W uzasadnieniu skarżący między innymi podniósł, że Sąd Okręgowy w sposób błędny i zupełnie dowolny ustalił i rozważył zebrany w sprawie materiał dowodowy, a w szczególności zeznania słuchanych w sprawie świadków. I tak świadek B. P. zeznał, że w spornym okresie brygady ślusarskie, w tym ubezpieczony, w ramach wykonywanych prac składały elementy. Przedmiotowe czynności były wykonywane w miejscu oddzielonym od spawaczy. Świadek R. W. doprecyzował, że spawacze mieli kotary o wysokości ok. 2 metrów, ponadto, że prace ślusarskie były wykonywane w wymiarze 2 godzin dziennie bez spawania, co - wbrew wywodom i zważeniom Sądu - przesądzało o tym, że ubezpieczony nie wykonywał pracy przy spawaniu stale i w pełnym wymiarze.

W odpowiedzi na apelację C. C., działając przez pełnomocnika, wniósł o jej oddalenie oraz zasądzenie od organu rentowego zwrotu kosztów procesu, w tym kosztów zastępstwa procesowego za instancję odwoławczą wskazując, że apelacja organu rentowego nie zasługuje na uwzględnienie. Zdaniem ubezpieczonego

ustalenia stanu faktycznego w przedmiotowej sprawie zostały dokonane rzetelnie i szczegółowo. W sposób logiczny i spójny Sąd przedstawił tok swoich rozważań i zastosował prawidłowe podstawy prawne.

Sąd Apelacyjny rozważył, co następuje:

Apelacja organu rentowego okazała się uzasadniona i doprowadziła do wnioskowanej zmiany zaskarżonego wyroku.

Dokonując analizy zgromadzonego w sprawie materiału dowodowego Sąd Apelacyjny nie podzielił istotnych ustaleń sądu pierwszej instancji w zakresie, w jakim sąd ten uwzględnił C. C. w stażu pracy w warunkach szczególnych okres zatrudnienia w latach 1970-1992 w (...) Zakładach (...) w G. przyjmując, że ubezpieczony wykonywał prace przy spawaniu, czyli prace ślusarskie i spawalnicze bezpośrednio przy stanowiskach spawalniczych wymienione w wykazie A stanowiącym załącznik do rozporządzenia Rady Ministrów z dnia 7 lutego 1983 r. (dział XIV poz. 12).

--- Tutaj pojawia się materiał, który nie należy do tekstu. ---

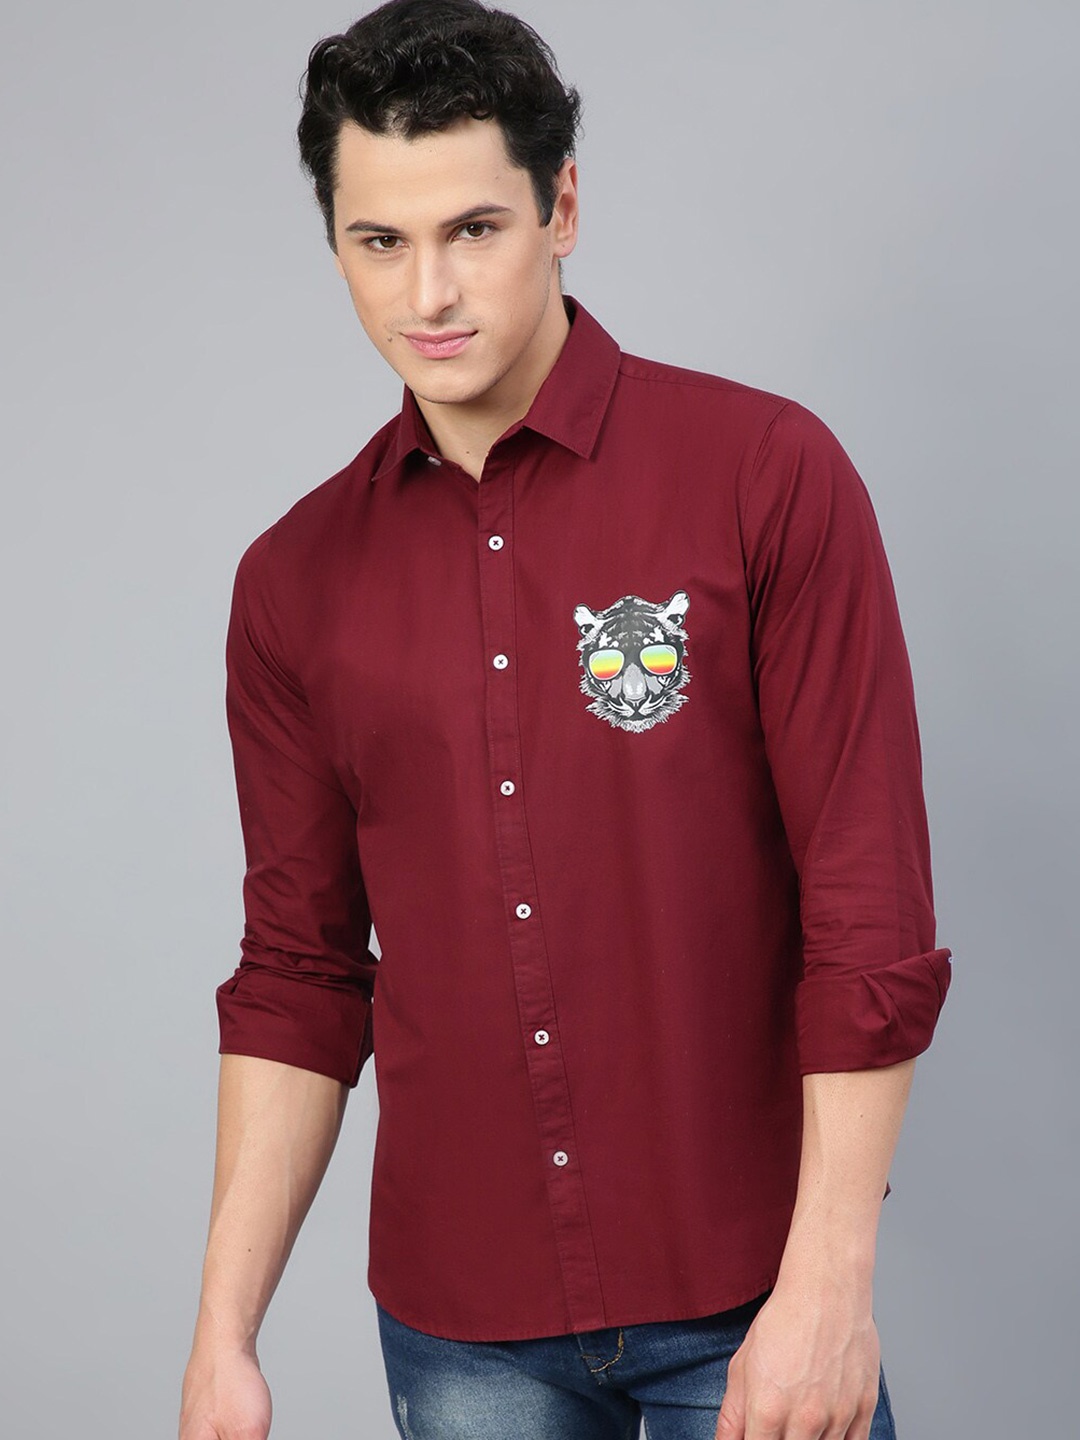 

FTX Standard Spread Collar Graphic Printed Opaque Cotton Casual Shirt, Maroon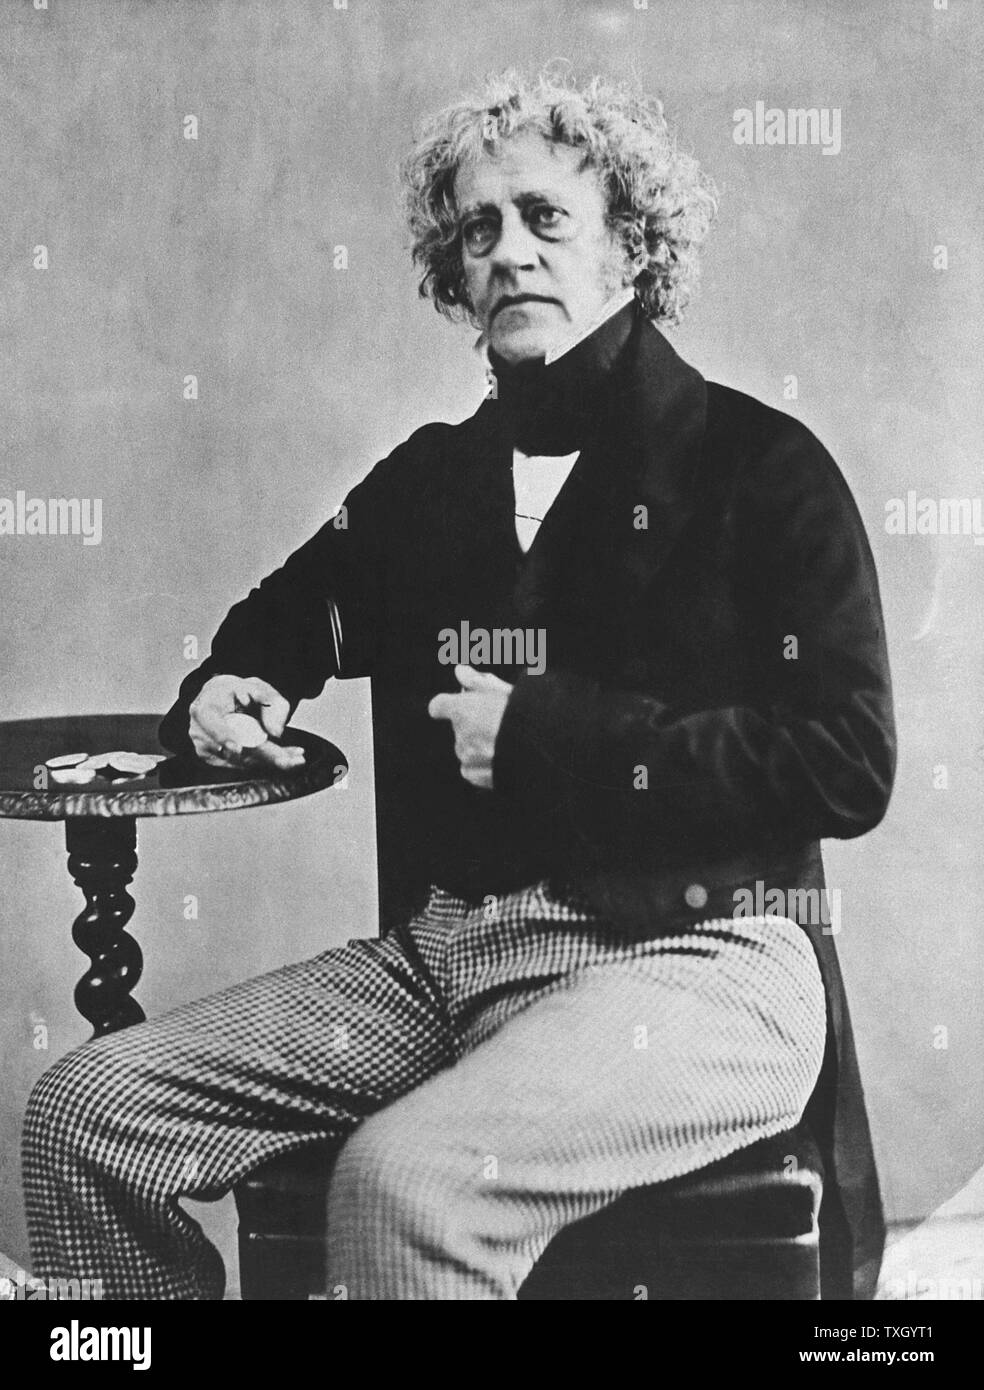 John Frederick Herschel (1792-1871) English astronomer and scientist, from photograph when Master of the Mint (1850-55) showing him holding a florin (2 shilling piece) which was being introduced with the idea of decimalization of the coinage Stock Photo

W pozostałym zakresie ustalenia Sądu Okręgowego sąd odwoławczy przyjmuje za własne i dlatego nie widzi potrzeby ich ponownego dokładnego powtarzania. Przy czym, Sąd Apelacyjny ma także na uwadze, że poza zakwestionowanym ustaleniem, okoliczności faktyczne są bezsporne między stronami i wynikają z dokumentów przedłożonych przez strony.

Zaznaczyć należy, że okoliczności pracy w szczególnych warunkach w postępowaniu sądowym nie doznają żadnego ograniczenia dowodowego. Stanowisko to od lat utrwalone jest w orzecznictwie sądów powszechnych. Jednak zgodnie z art. 233 § 1 k.p.c. sąd ocenia wiarygodność i moc dowodów według własnego przekonania, na podstawie wszechstronnego rozważenia zebranego materiału. Ocena wiarygodności i mocy dowodów jest podstawowym zadaniem sądu orzekającego, wyrażającym istotę sądzenia, a więc rozstrzygania kwestii spornych w warunkach niezawisłości, na podstawie własnego przekonania sędziego przy uwzględnieniu całokształtu zebranego materiału (tak Sąd Najwyższy w wyroku z dnia 16 lutego 1996 r., II CRN 173/95). Przyjmuje się, że ramy swobodnej oceny dowodów muszą być zakreślone wymaganiami prawa procesowego, doświadczenia życiowego, regułami logicznego myślenia oraz pewnego poziomu świadomości prawnej, według których Sąd w sposób bezstronny, racjonalny i wszechstronny rozważa materiał dowodowy jako całość, dokonuje wyboru określonych środków dowodowych i ważąc ich moc oraz wiarygodność odnosi je do pozostałego materiału dowodowego. W przypadku, gdy brak jest logiki w związaniu wniosków z zebranymi dowodami lub gdy wnioskowanie sądu wykracza poza schematy logiki formalnej albo wbrew zasadom doświadczenia życiowego nie uwzględnia jednoznacznych praktycznych związków przyczynowo-skutkowych, przeprowadzona przez sąd ocena dowodów może być skutecznie podważona (por. wyrok Sądu Apelacyjnego w Poznaniu z dnia 27 lutego 2007 r., I ACa 1053/06, LEX nr 298433).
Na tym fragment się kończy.